Use a linear approximation to estimate the number $64.07^{2/3}$

Question

That's all they give you. I tried putting it into the linear approximation equation of:

$$ f(a)+f'(a)(x-a) $$

but I get almost the same value as $64.07^{2/3}$, which is around $16.0116$. Just not sure how else to go about doing this problem. Thanks.

Answer 1

Consider function $f(x)=x^{2/3}$ and establish, from definitions, Taylor series at $x=64$ since $64^{2/3}=16$.

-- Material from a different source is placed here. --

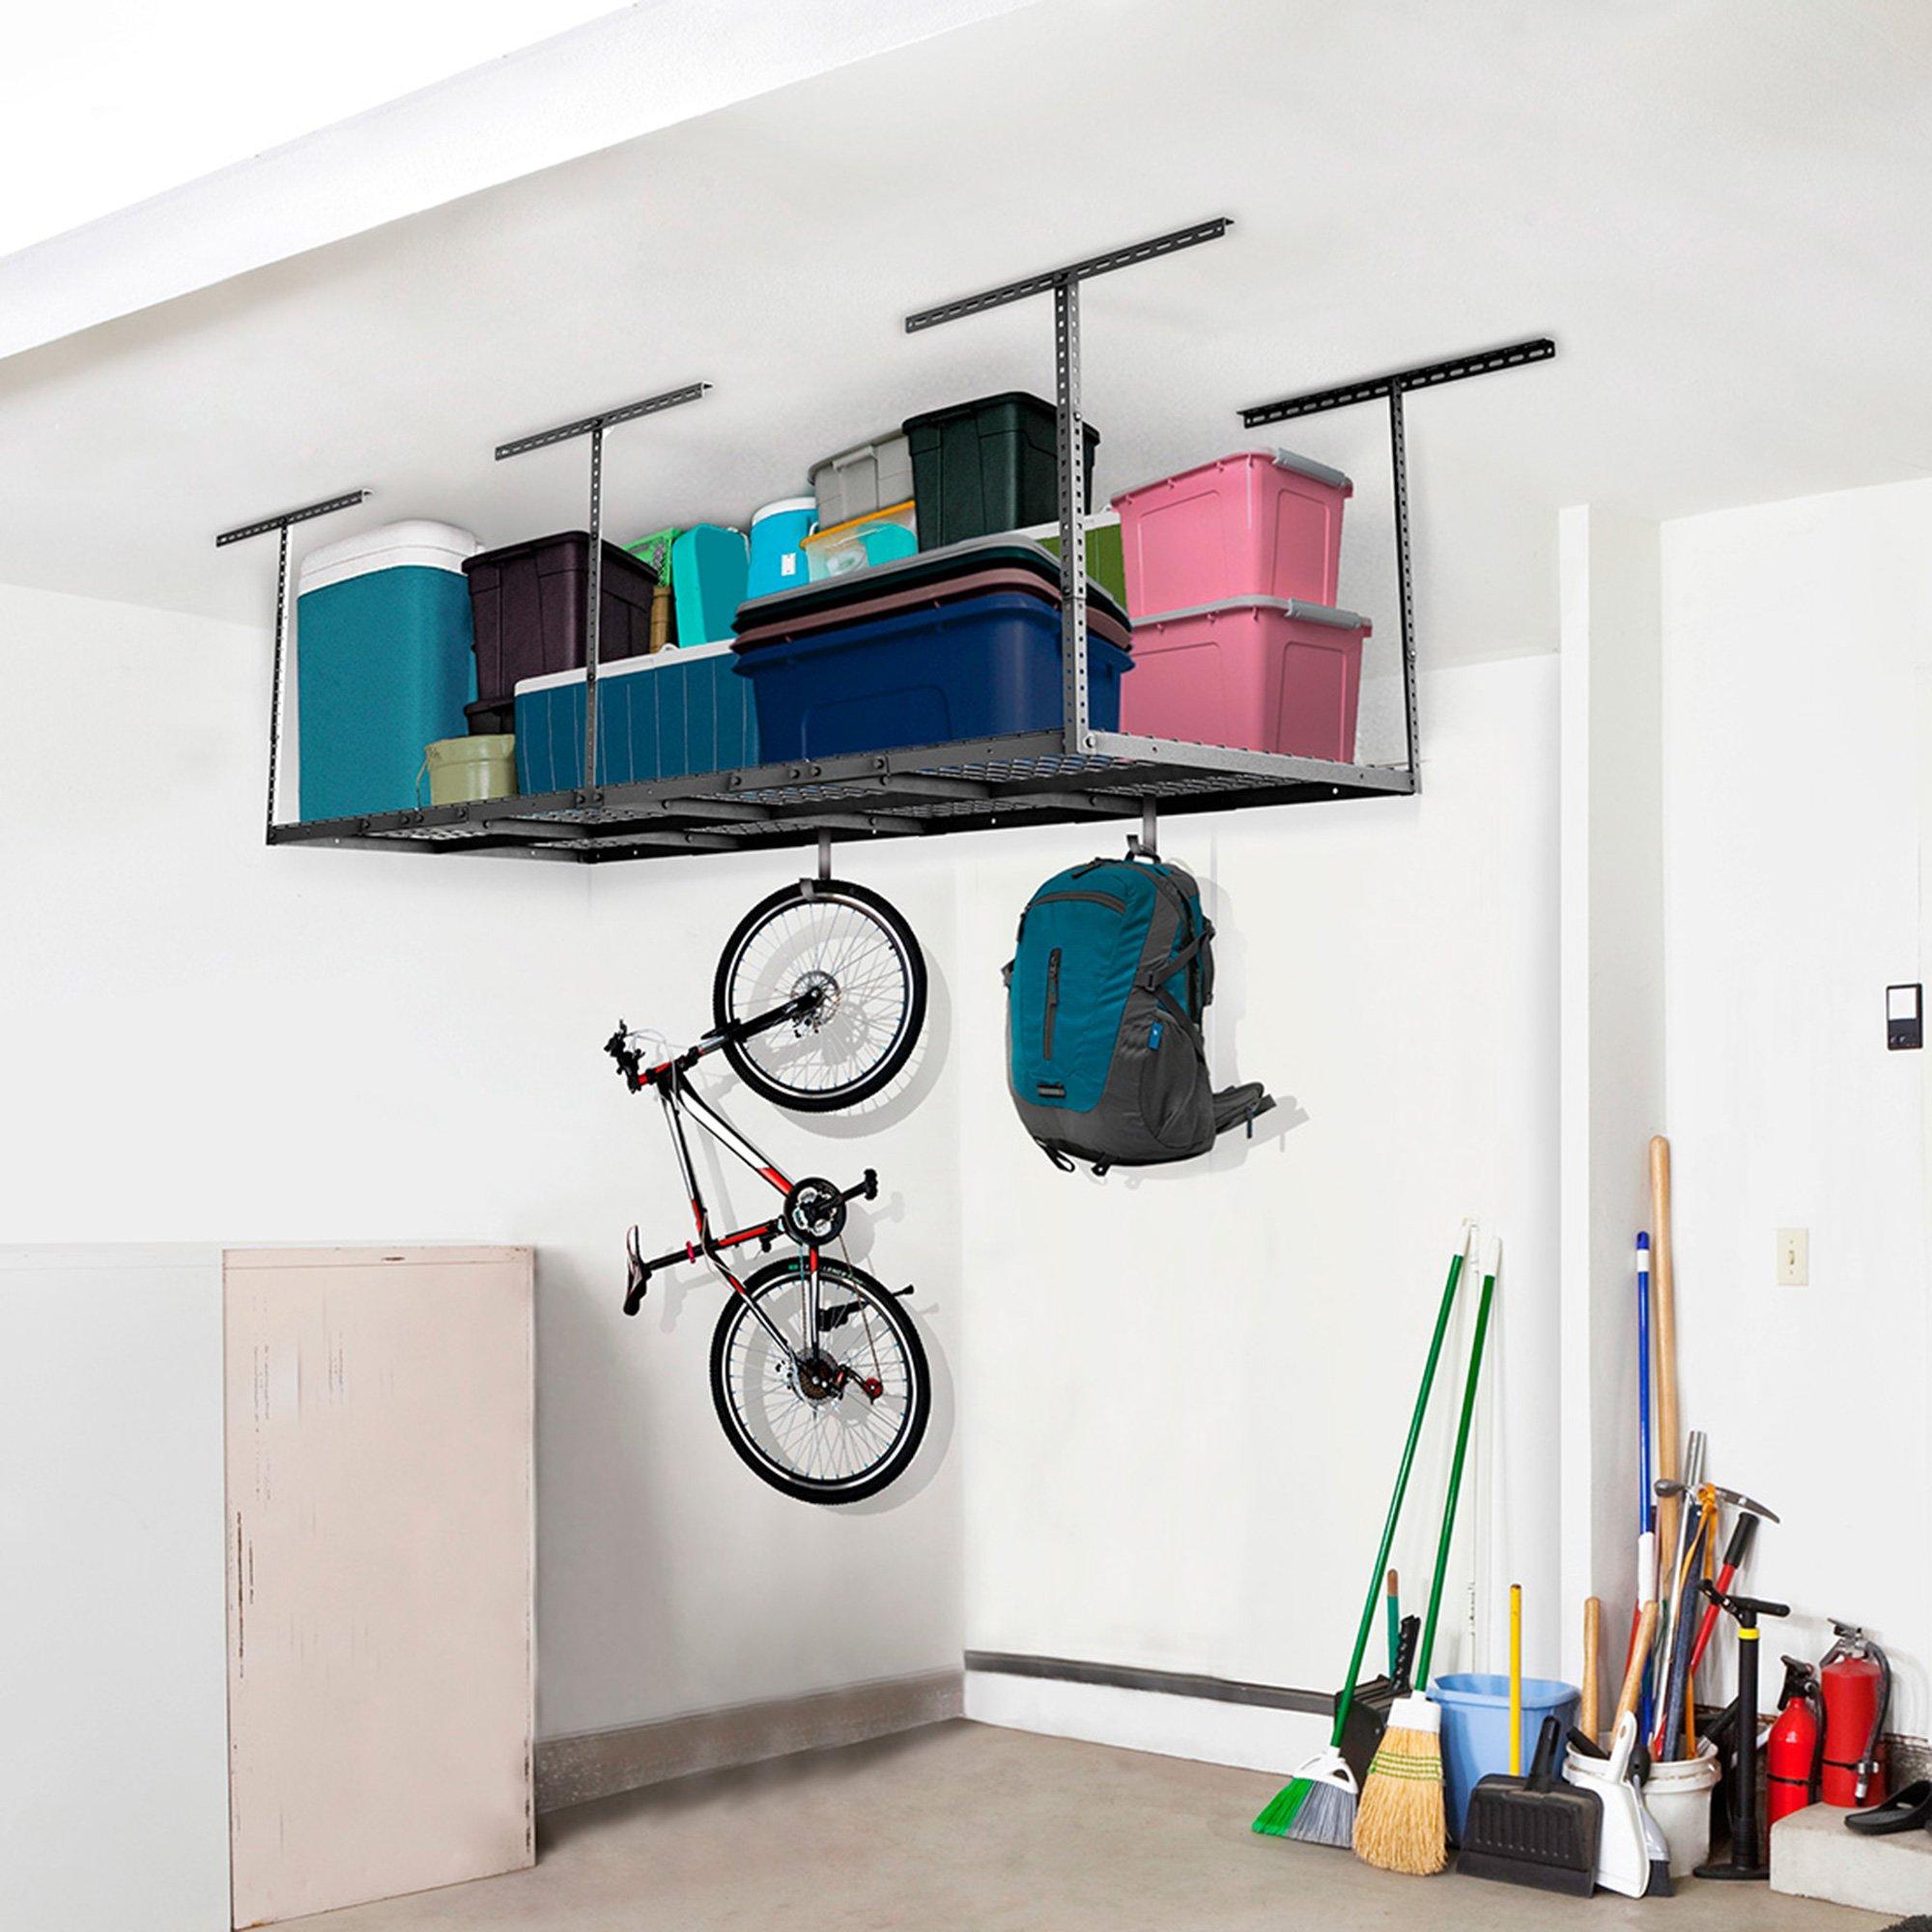 FLEXIMOUNTS 3x8 Overhead Garage Storage Rack Adjustable Ceiling Storage Rack Heavy Duty, 96'' Length x 36'' Width x 40'' Height (Black)

You will get for first order (linear approximation) $$f(x)=16+\frac{x-64}{6}+O\left((x-64)^2\right)$$ from which $x=\frac{9607}{600}\approx 16.01166667 $. This is exactly what you did.

For more accuracy, you could use the second order expansion (quadratic approximation) would be $$f(x)=16+\frac{x-64}{6}-\frac{(x-64)^2}{2304}+O\left((x-64)^3\right)$$ from which $x=\frac{368908751}{23040000}\approx 16.01166454$

For ten significant digits, the exact solution is $\approx 16.01166454$.

Answer 2

An equivalent formula for $x^a$ is $(1+x)^a \approx 1+ax $ for small $x$.

Therefore, for small $v$, $(u^{a}+v)^{1/a} =u(1+\frac{v}{u^a})^{1/a} \approx u(1+\frac{v}{au^a}) = u+\frac{uv}{au^a} = u+\frac{u^{1-a}v}{a} $.

In this case, $a = \frac32$, so $(u^{3/2}+v)^{2/3} \approx u+\frac{u^{-1/2}v}{\frac32} =u+\frac{2v}{3\sqrt{u}} $.

If $u=16$ and $v = .07$, this gives $16+\frac{.14}{12} =16.01166... $.